Image

An MIT report discovering 95% of AI pilots fail spooked traders. It ought to have spooked C-suite execs as a substitute.

Hello and welcome to Eye on AI…In this edition: DeepSeek drops another impressive model…China tells companies not to buy Nvidia chips…and OpenEvidence scores an impressive result on the medical licensing exam.

Hi, it’s Jeremy here, just back from a few weeks of much needed vacation. It was nice to be able to get a little distance and perspective on the AI news cycle. (Although I did make an appearance on Rana el Kaliouby’s “Pioneers of AI” podcast to discuss the launch of GPT-5. You can check that out here.)

Returning this week, the news has been all about investor fears we’re in an “AI bubble”—and that it is about to either pop or deflate. Nervous investors drove the shares of many publicly-traded tech companies linked to AI-related trades, such as Nvidia, CoreWeave, Microsoft, and Alphabet down significantly this week.

To me, one of the clearest signs that we are in a bubble—at least in terms of publicly-traded AI stocks—is the extent to which investors are actively looking for reasons to bail. Take the supposed rationale for this week’s sell-off, which were Altman’s comments that he thought there was an AI bubble in venture-backed, privately-held AI startups and that MIT report which found that 95% of AI pilots fail. Altman wasn’t talking about the public companies that stock market investors have in their portfolios, but traders didn’t care. They chose to only read the headlines and interpret Altman’s remarks broadly. As for that MIT report, the market chose to read it as an indictment of AI as a whole and head for the exits—even though that’s not exactly what the research said, as we’ll see in a moment.

I’m going to spend the rest of this essay on the MIT report because I think it is relevant for Eye on AI readers beyond its implications for investors. The report looked at what companies are actually trying to do with AI and why they may not be succeeding. Entitled The GenAI Divide: State of AI in Business 2025, the report was published by MIT Media Lab’s NANDA Initiative. (My Fortune colleague Sheryl Estrada was one of the first to cover the report’s findings. You can read her coverage here.)

NANDA is an acronym for “Networked-Agents and Decentralized AI” and it is a project designed to create new protocols and a new architecture for an internet full of autonomous AI agents. NANDA might have an incentive to suggest that current AI methods aren’t working—but that if companies created more agentic AI systems using the NANDA protocol, their problems would disappear. There’s no indication that NANDA did anything to skew its survey results or to frame them in a particular light, but it is always important to consider the source.

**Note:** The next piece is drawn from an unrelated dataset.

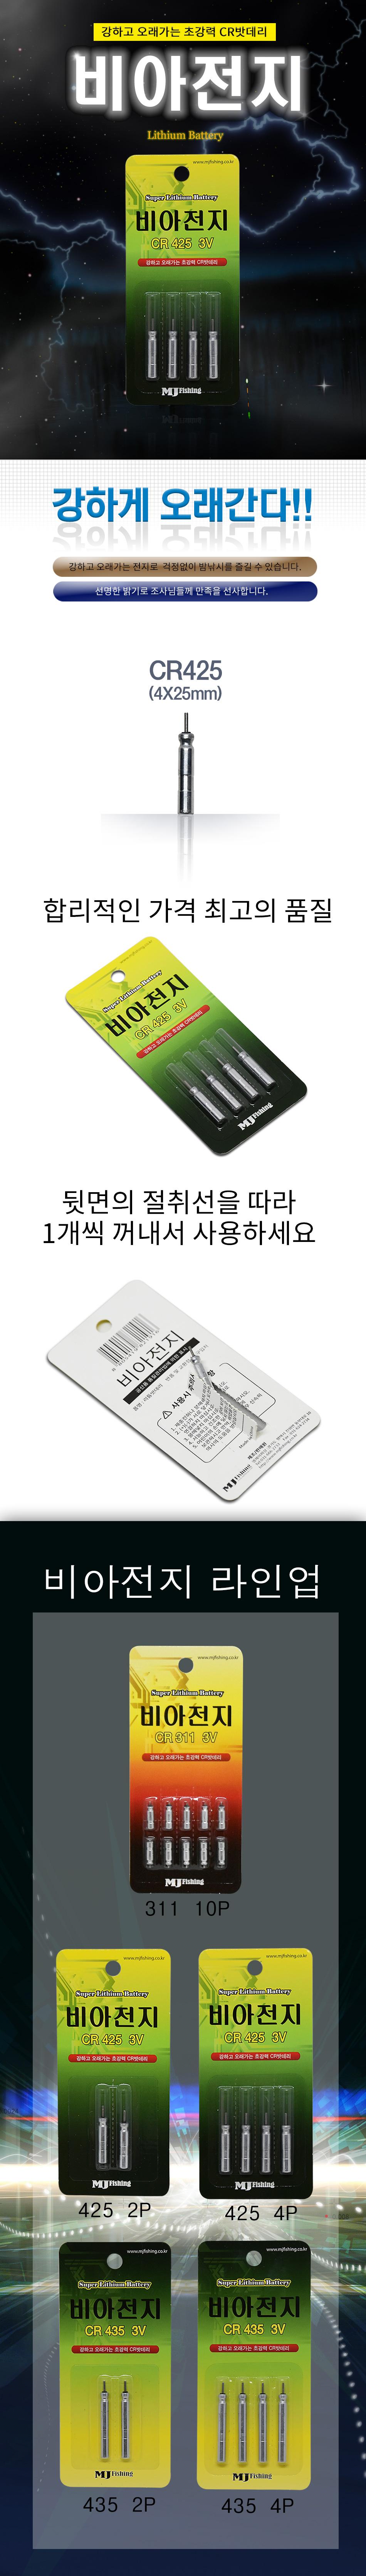 MJ피싱 비아전지 (리튬배터리) 리튬밧데리 리튬전지 벌크전지 전자케미밧데리 전자케미전지 전자찌전지 전자찌배터리
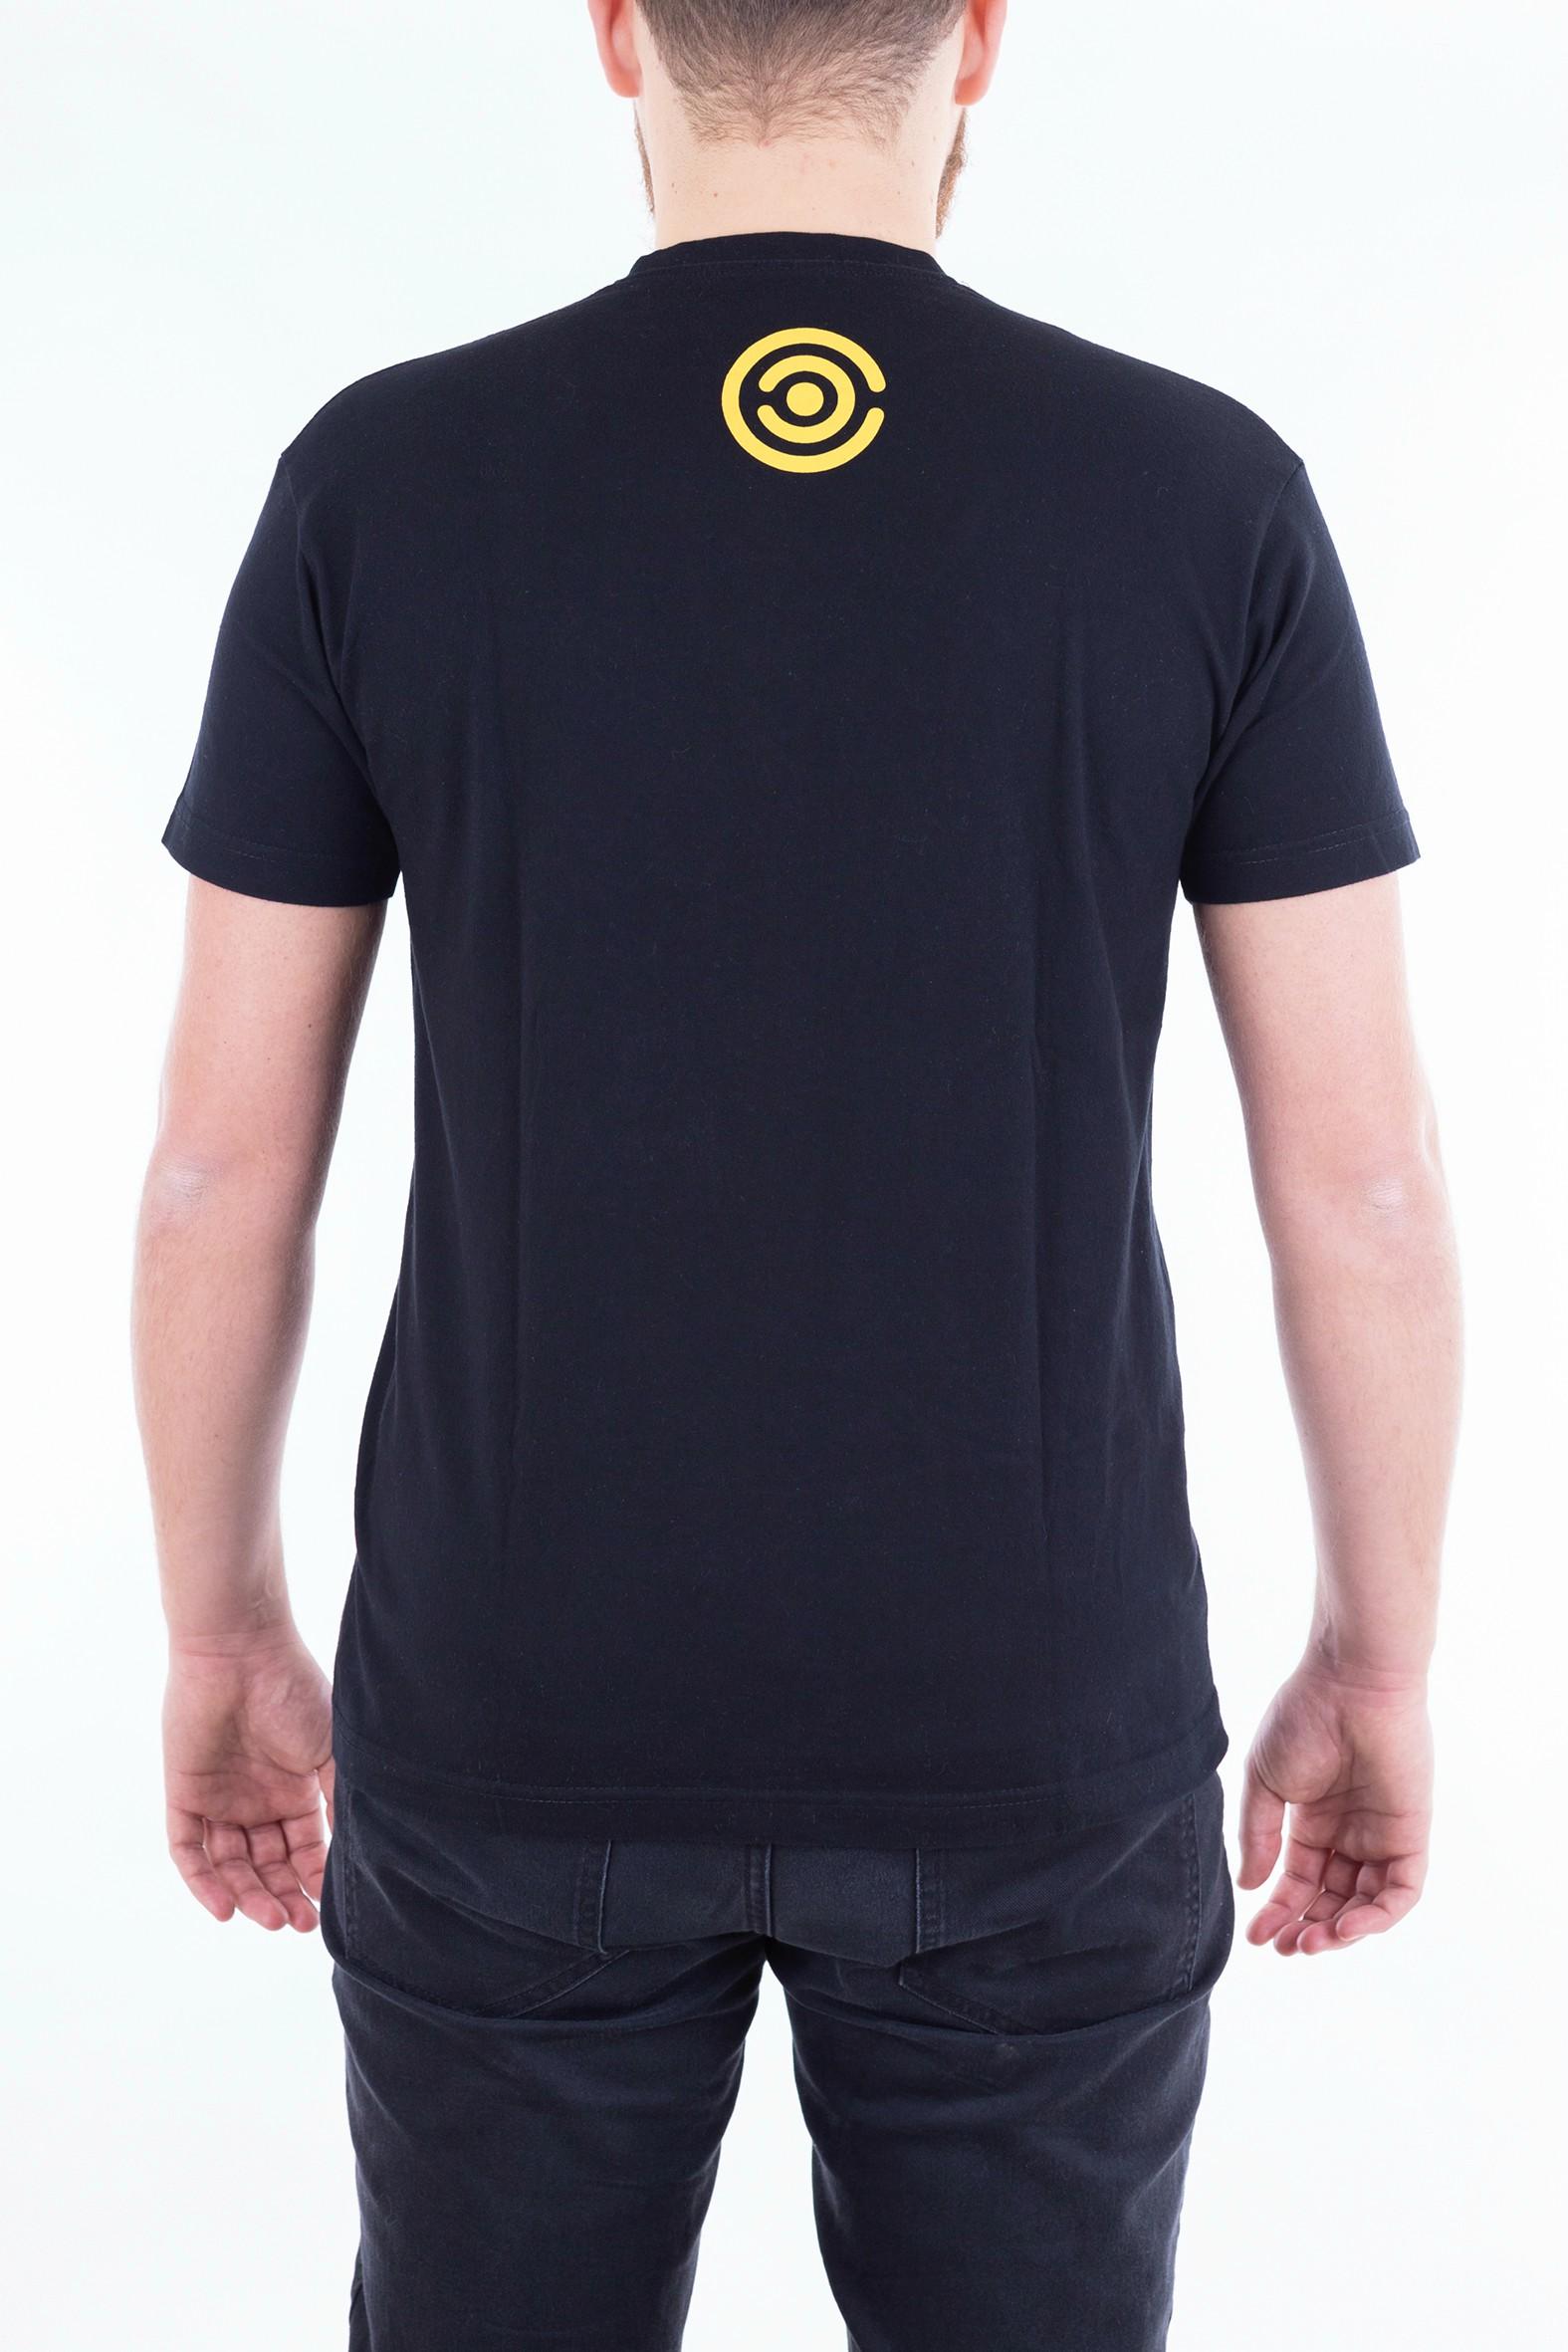 Pánské tričko Evoluce - žluté - 2

Ok, now let’s look at what the report actually says. It interviewed 150 executives, surveyed 350 employees, and looked at 300 individual AI projects. It found that 95% of AI pilot projects failed to deliver any discernible financial savings or uplift in profits. These findings are not actually all that different from what a lot of previous surveys have found—and those surveys had no negative impact on the stock market. Consulting firm Capgemini found in 2023 that 88% of AI pilots failed to reach production. (S&P Global found earlier this year that 42% of generative AI pilots were abandoned—which is still not great).

You’re doing it wrong

But where it gets interesting is what the NANDA study said about the apparent reasons for these failures. The biggest problem, the report found, was not that the AI models weren’t capable enough (although execs tended to think that was the problem.) Instead, the researchers discovered a “learning gap—people and organizations simply did not understand how to use the AI tools properly or how to design workflows that could capture the benefits of AI while minimizing downside risks.

Large language models seem simple—you can give them instructions in plain language, after all. But it takes expertise and experimentation to embed them in business workflows. Wharton professor Ethan Mollick has suggested that the real benefits of AI will come when companies abandon trying to get AI models to follow existing processes—many of which he argues reflect bureaucracy and office politics more than anything else—and simply let the models find their own way to produce the desired business outcomes. (I think Mollick underestimates the extent to which processes in many large companies reflect regulatory demands, but he no doubt has a point in many cases.)

This phenomenon may also explain why the MIT NANDA research found that startups, which often don’t have such entrenched business processes to begin with, are much more likely to find genAI can deliver ROI.

Buy, don’t build

The report also found that companies which bought-in AI models and solutions were more successful than enterprises that tried to build their own systems. Purchasing AI tools succeeded 67% of the time, while internal builds panned out only one-third as often. Some large organizations, especially in regulated industries, feel they have to build their own tools for legal and data privacy reasons. But in some cases organizations fetishize control—when they would be better off handing the hard work off to a vendor whose entire business is creating AI software.

Building AI models or systems from scratch requires a level of expertise many companies don’t have and can’t afford to hire. It is also means that companies are building their AI systems on open source or open weight LLMs—and while the performance of these models has improved markedly in the past year, most open source AI models still lag their proprietary rivals. And when it comes to using AI in actual business cases, a 5% difference in reasoning abilities or hallucination rates can result in a substantial difference in outcomes.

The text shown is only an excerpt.